Excel Source - Overide External Columns Datatype

  • HI All,

    I'm having a problem with an ETL project I'm working on. The file I receive has multiple sheets, which are all in the same format. I then need to import them into one table on the SQL server.

    The problem I'm facing is that the company we receive the file from have a habit of filling "N/A", "Unknown", and other strings in numeric fields. Also some of the sheets won't have a column populated one month, as it's not applicable. This means that, according to the Excel Source, the data type of the column has changed (if they're all NULLs, then Excel suddenly thinks it's a int, not a string, for example).

    What I want to therefore do, is use the excel source and treat EVERY column as a Unicode string, and then have a data conversion tasks that makes them the correct data type.

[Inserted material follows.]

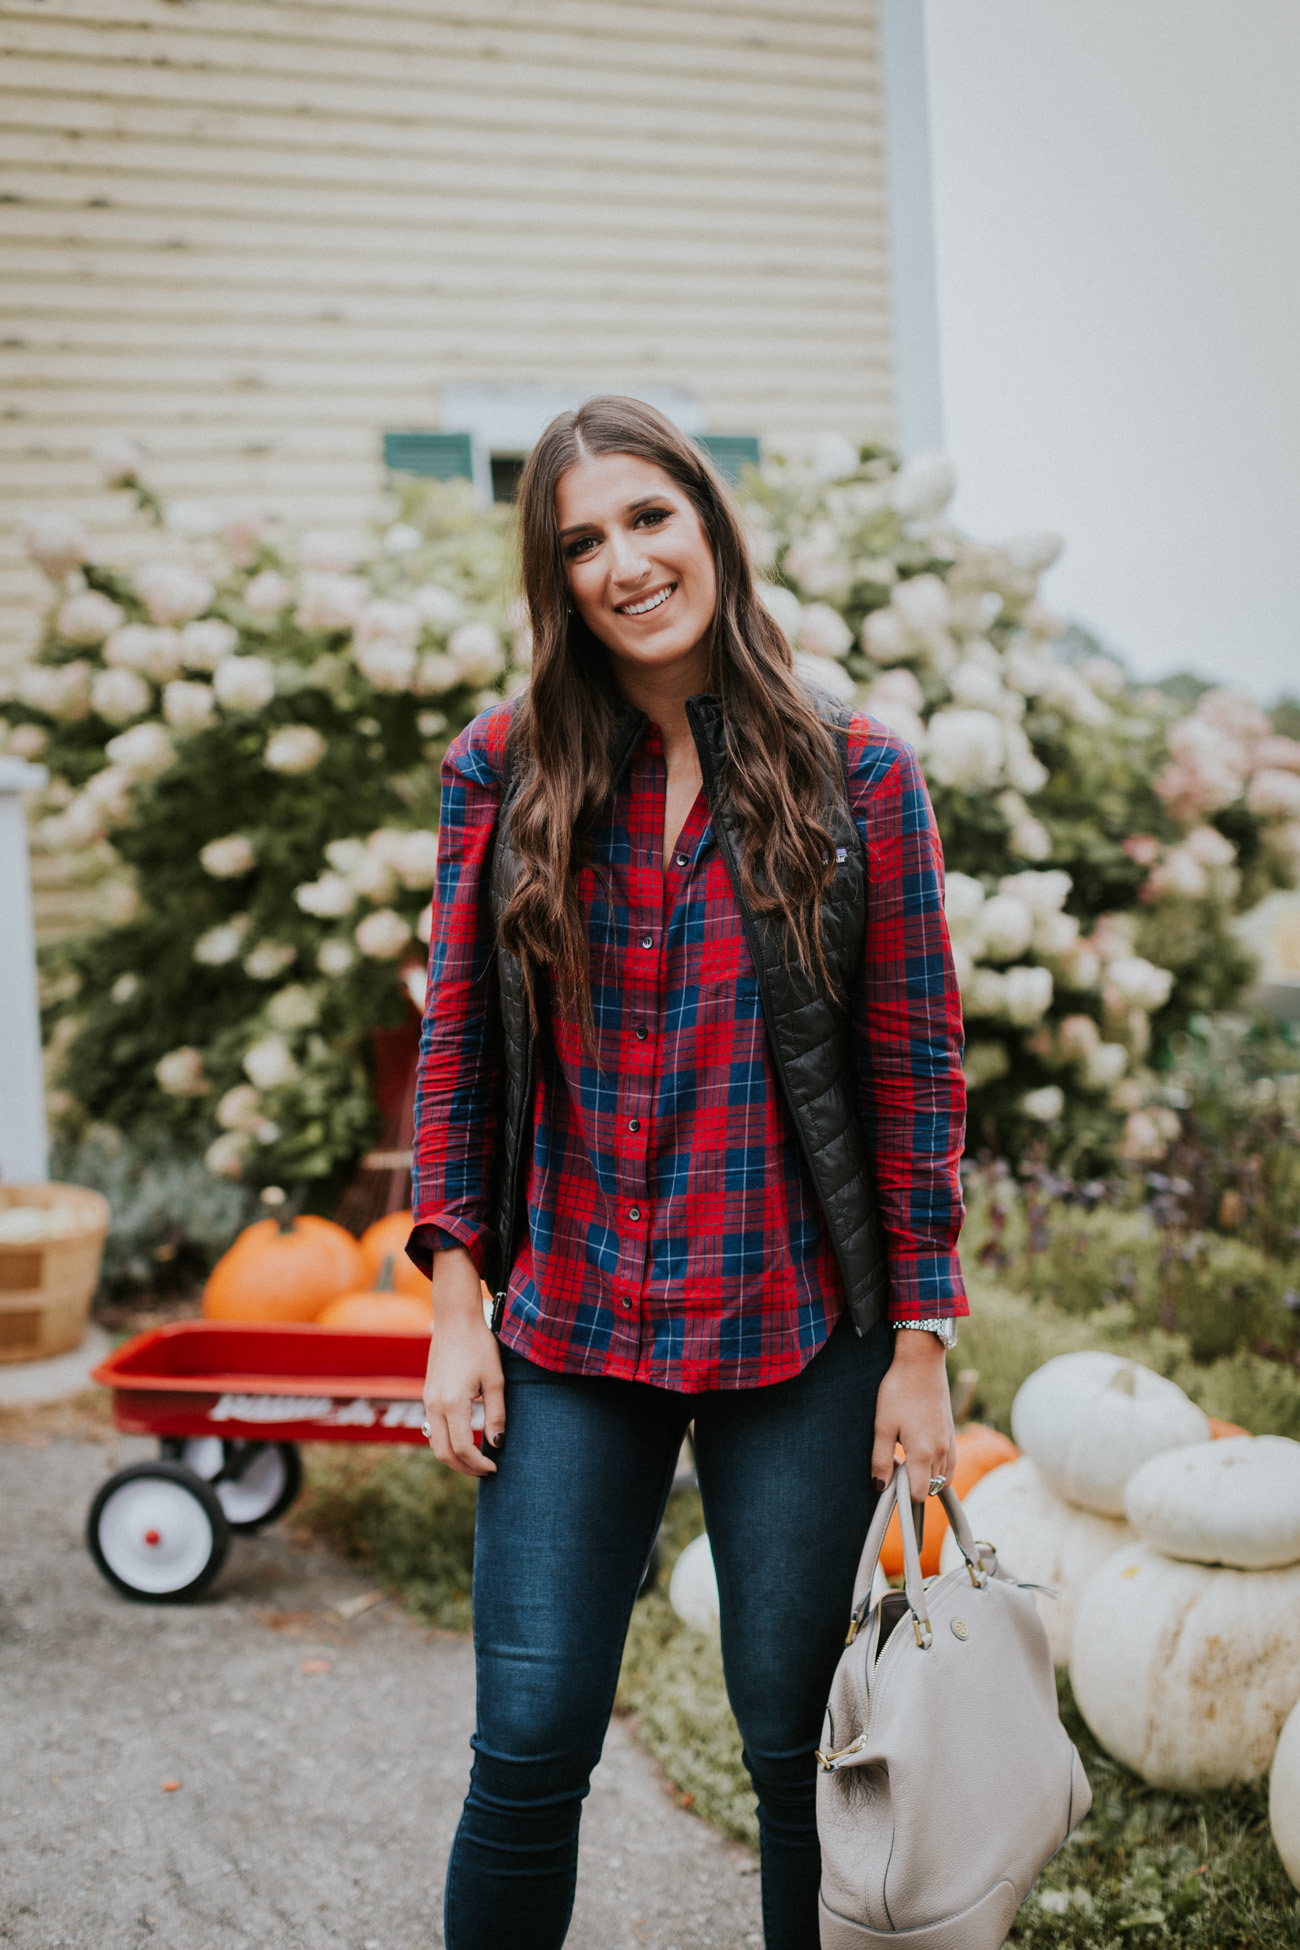 pumpkin patch outfit, sperry duckboots, new hampshire pumpkin patch, fall outfit ideas, fall fashion, patagonia nano puff vest, bean boots, duck boots, tory burch purse, new england outfit, preppy fall outfit // grace wainwright a southern drawl

Any conversions that fails will be NULL (as I don't want someone's age to be "TBC", and I actually have our Age column as a integer field on the server). When I change the DataType in the External Columns menu though, it changes it back when you open it back up. How do I change the datatypes, and actually get it to save it?

    I could change all the output columns to Unicode Strings, but if I recall correctly, I had conversion errors when I tried that (I could be wrong, so correct me. This is a project that got put away for a few months and has worked it way back up to the top of the daisy chain).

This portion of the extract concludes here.